Очень скоро они потеряли счет закрытым на кодовые замки дверям, через которые прошли. Шонбауэр работал швейцаром, а Ларнер беспрерывно говорил. Цифры и факты из числа тех, что можно найти в любом справочнике, летали в воздухе: количество сотрудников, отделы, основные требования к знаниям персонала, группы экспертов… всё, кроме того, что действительно было нужно.

Наконец они добрались до цели. Последняя дверь на монументальных петлях открылась, и они, судя по всему, оказались в коридоре, принадлежащем группе по расследованию серийных убийств нью-йоркского управления ФБР. Фамилии Ларнера и Шонбауэра виднелись на табличках двух соседних дверей, терявшихся в длинном ряду других кабинетов. Шонбауэр, не говоря ни слова, исчез в своей комнате, остальные вошли к Ларнеру.

— Сейчас я подготовлю для вас маленькое мультимедийное шоу, — предупредил Ларнер и уселся за письменный стол. Кабинет был маленьким и хорошо обжитым, Йельм с облегчением констатировал, что здесь не было больничной безликости. Вместо обоев Ларнер, похоже, использовал доски объявлений, сплошь усеянные разноцветными листочками. За его спиной стояла белая доска для маркера — сложный узор из стрелок, прямоугольников и черточек напомнил Йельму Хультина.
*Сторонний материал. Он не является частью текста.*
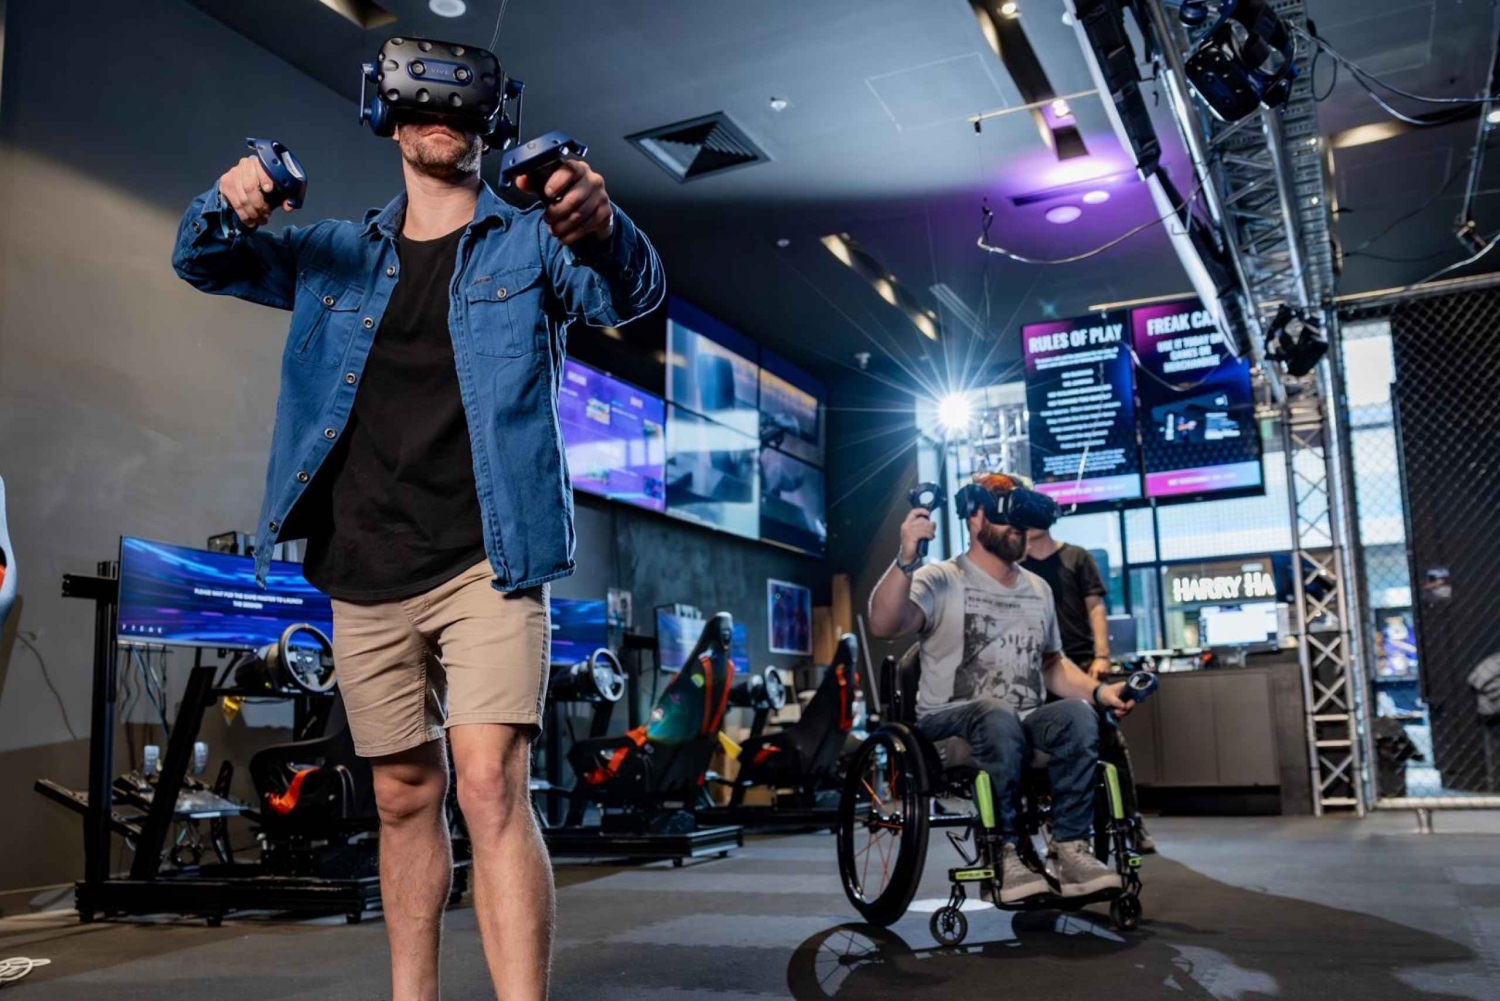 Macquarie Centre: 1 ora di esperienza di realtà virtuale in sala giochi

— Здесь у нас представлено все, — объяснил Ларнер, перехватив взгляд Йельма. — Двадцать четыре прямоугольника — замученные до смерти люди. Сорок восемь дырок в двадцати четырех шеях. Попытка схематизировать то, что схематизировать невозможно. Ужас, сведенный до нескольких синих черточек. А что делать? Остальное носим внутри себя.

Йельм смотрел на Ларнера. Да, в том, что этот агент многое носит внутри себя, Йельм уже не сомневался.

— Можно вопрос? — задумчиво спросил Ларнер. — Вы действительно думаете, что он застрелил одну из жертв?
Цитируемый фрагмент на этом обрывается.